British Athletics announced on Tuesday that rising sprint star Zharnel Hughes – labelled by some as the new Usain Bolt – was one of five athletes cleared to compete for Team GB.

Clearance was also granted to 100 metres hurdler Cindy Ofili, high jumper Victoria Dronsfield, 400 metre hurdler Shante Little and 400 metre runner Montene Speight, reigniting the controversy over “plastic Brits”.

Hughes, who is from the Caribbean island of Anguilla, is free to compete for GB as the overseas territory is not recognised by the International Olympic Committee, while Dronsfield and Ofili – the sister of Tiffany Porter, whose switch of allegiance previously caused controversy – have British parents.

That did not impress outspoken s printer Richard Kilty, who sarcastically tweeted: “Good for fans to see home grown talent representing GB… oh wait…”

But former Olympic relay gold medallist Campbell told BBC Radio 5 Live: “To announce five just before the trials for the World Championships is a bit of a shock b ut they’ve still got to come and perform at our trials.

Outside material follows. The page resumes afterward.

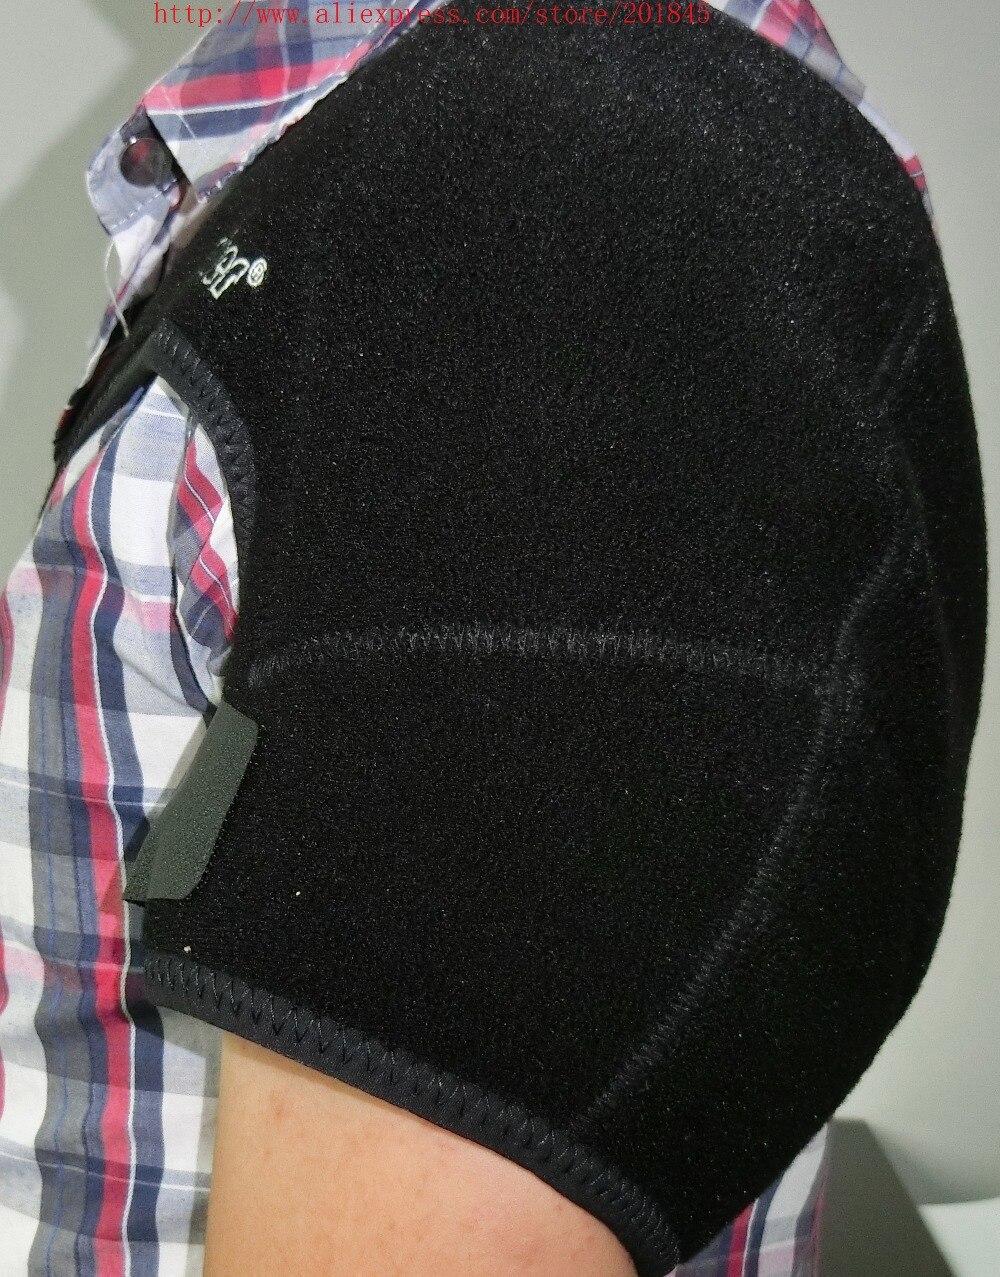 купить Adjustable Left Shoulder Bandage Protector Brace Joint Pain Injury Dislocation Arthritis Shoulder Arm Support Strap Equipment по цене 4404.2 рублей

“It does mean the current British athletes have got to be ready to go. Competition is healthy.

“I can see it from the current athletes’ point of view but your mindset should be that you’ve got to beat everybody in the world.

“Sometimes the focus is so much on being the best in Britain that you lose sight of the real target – the real target’s trying to be the best in the world.”

Kilty also claimed “all sprinters I’ve spoken to in the team feel exactly the same”, before deleting both his tweets.

Campbell admitted Kilty’s view “probably is” representative of that of his team-mates, adding: “When you hear of a young sprinter, 19, who’s run a time of 20.15 (seconds for the 200 metres) and been labelled the next Usain Bolt, that is going to spread fear among the sprinters.

“If his potential is realised, he’s going to run crazy times like 19.6, 19.7. Straight away that is going to block paths for the other sprinters and their chances of representing Great Britain.

“But your mindset has to change. It’s too easy to use that as an excuse.”

Mark England, Team GB’s chef de mission for the current European Games in Azerbaijan, defended the selection criteria.

“We’ve got a very, very clear selection policy in the UK, it’s aligned to the International Olympic Committee,” he told 5 Live.

“If those athletes are eligible to compete for Great Britain – and there are some clear guidelines and stipulations around that – then we’ll be sitting down and looking to select those who have been nominated to us by the governing bodies.”

England also addressed the situation surrounding double Olympic champion Mo Farah, whose coach Alberto Salazar is at the centre of doping allegations which he has denied.

Farah has not been accused of any wrongdoing, and England said: “I think Mo’s handled himself exceptionally well and is going through the right process to get some clarification on what’s been happening back at his camp.

“We’re very confident that the right procedure’s being followed there.”